Extract every line of the material that holds the string "Black".

INFORMATION SHOWN:
# # # # #
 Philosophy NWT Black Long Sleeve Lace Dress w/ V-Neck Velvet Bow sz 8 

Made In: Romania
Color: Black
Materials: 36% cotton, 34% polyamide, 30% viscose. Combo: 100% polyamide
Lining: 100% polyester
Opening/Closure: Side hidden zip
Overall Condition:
# # # # #
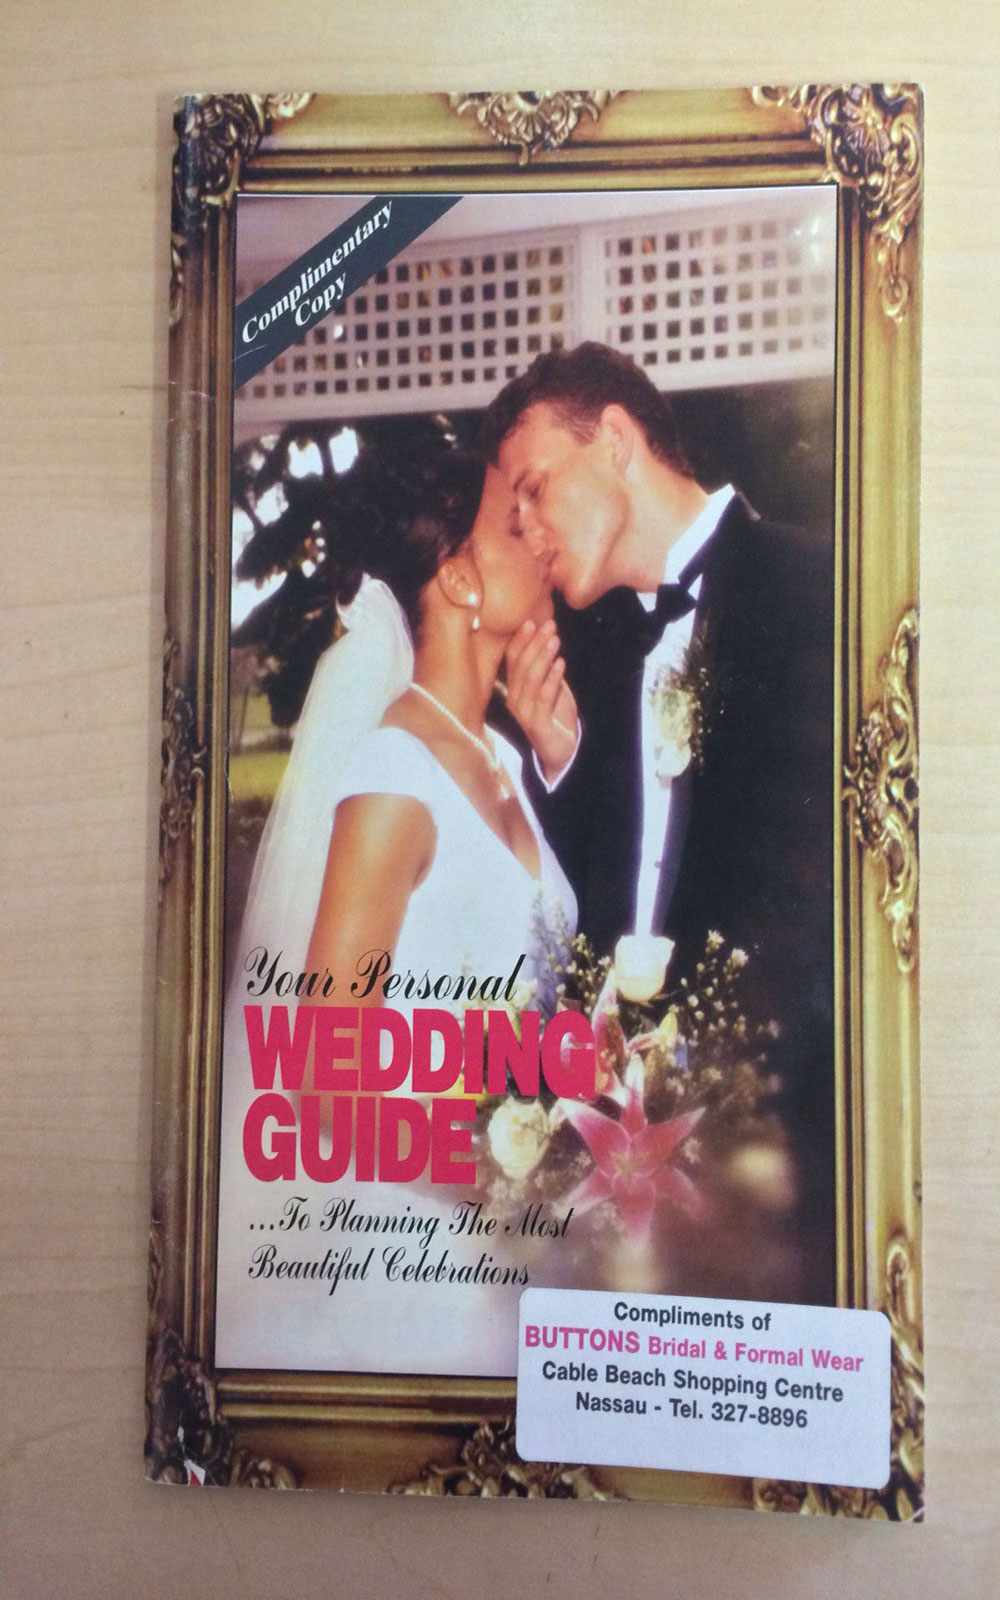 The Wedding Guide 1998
# # # # #
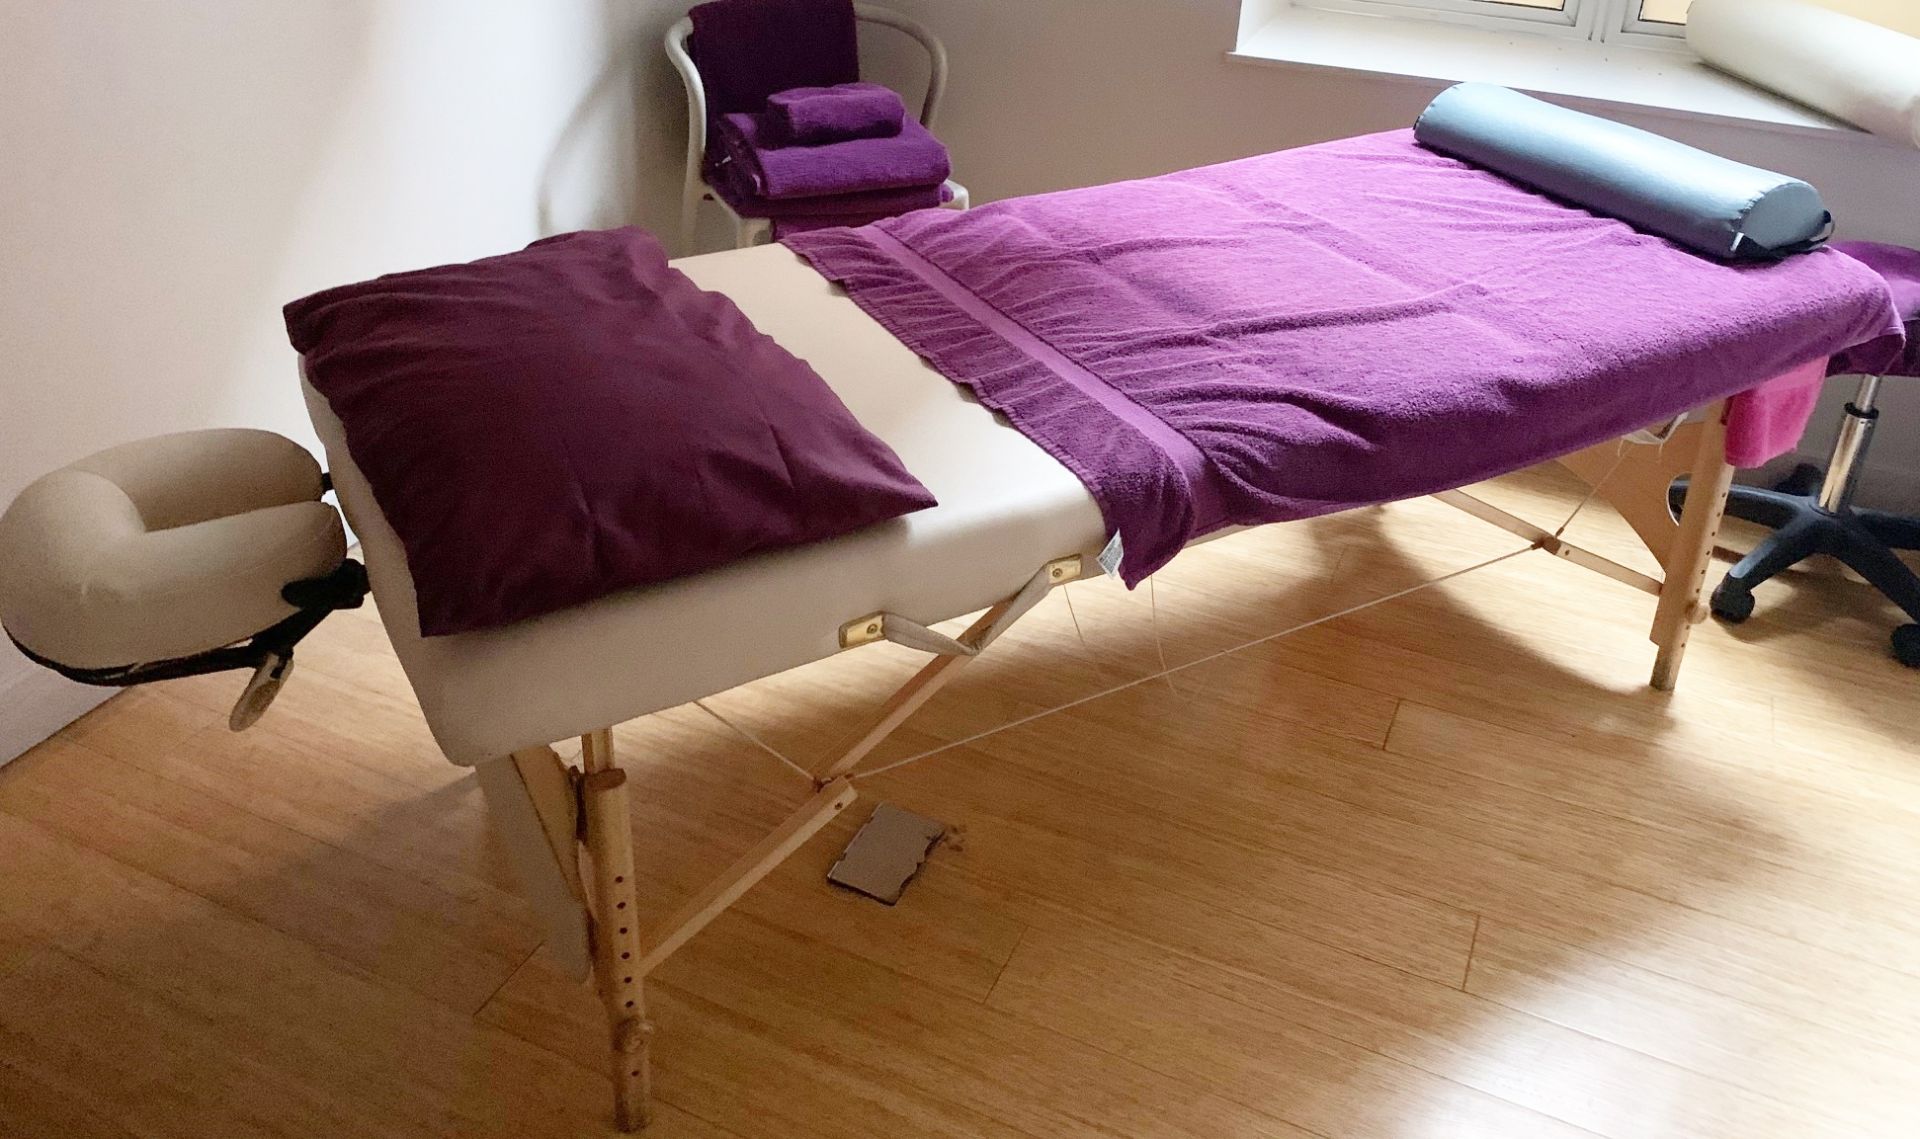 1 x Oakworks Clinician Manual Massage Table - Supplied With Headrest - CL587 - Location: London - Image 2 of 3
# # # # #
ANSWER FOR THIS EXERCISE:
 Philosophy NWT Black Long Sleeve Lace Dress w/ V-Neck Velvet Bow sz 8 
Color: Black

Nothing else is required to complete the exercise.